TERCERO.- Motivos del recurso. Análisis.
El artículo 20.1.b) de la L.O. 3/2018, de 5 de diciembre, de protección de datos personales y garantía de los derechos digitales, exige entre los requisitos para que proceda la comunicación de una deuda a un fichero de solvencia: "b) Que los datos se refieran a deudas ciertas, vencidas y exigibles, cuya existencia o cuantía no hubiese sido objeto de reclamación administrativa o judicial por el deudor o mediante un procedimiento alternativo de resolución de disputas vinculante entre las partes."
Con carácter previo, debe señalarse que la diferencia de importes entre la deuda existente y la comunicada al fichero carece de relevancia en cuanto a determinar si se ha vulnerado el derecho al honor de la deudora, si se acredita que existía una deuda cierta, vencida y exigible.
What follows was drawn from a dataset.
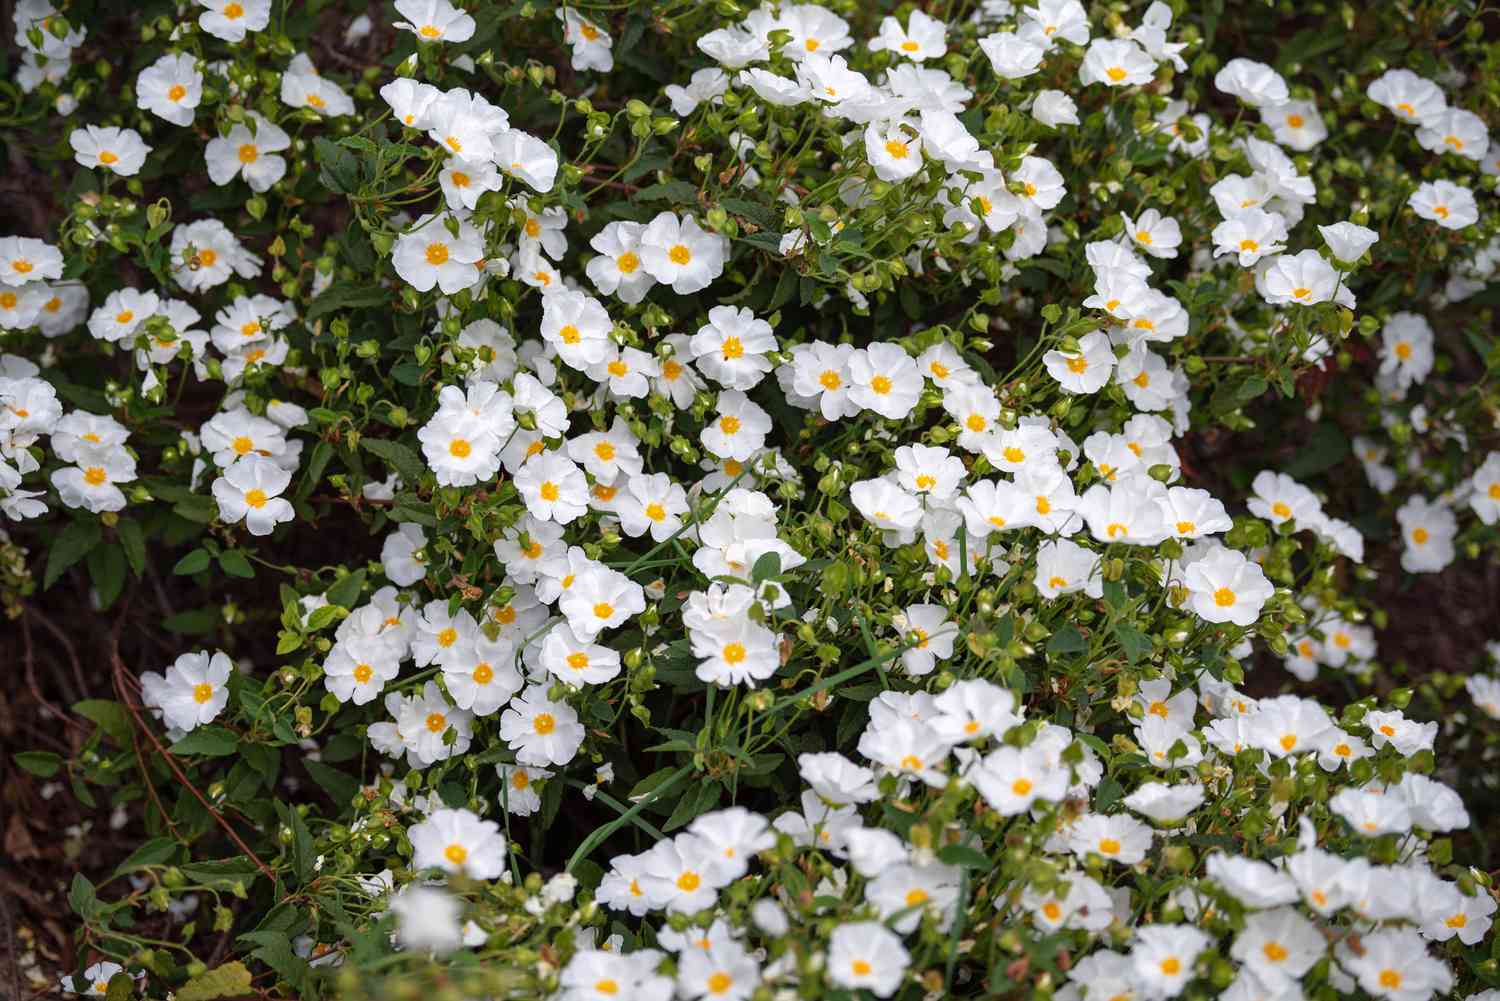 Arbusto de esteva coberto de pequenas flores brancas com centros amarelos

Esa diferencia de importes no significa que el tratamiento de los datos en el fichero de solvencia sea incorrecto ni que haya vulnerado su derecho al honor, como ha destacado la jurisprudencia, incluso en el caso de que la cantidad comunicada al fichero no fuera correcta y así lo señala la STS 945/2022, de 20 de diciembre: "que sus datos fueran objeto de tratamiento en un fichero sobre solvencia patrimonial no vulnera su derecho al honor, por más que la cantidad comunicada al fichero no fuera la correcta, pues lo que vulnera el honor del afectado no es que la cuantía de la deuda que consta en el registro sea incorrecta, sino que se dé al afectado el tratamiento de moroso, incumplidor de sus obligaciones dinerarias, sin serlo."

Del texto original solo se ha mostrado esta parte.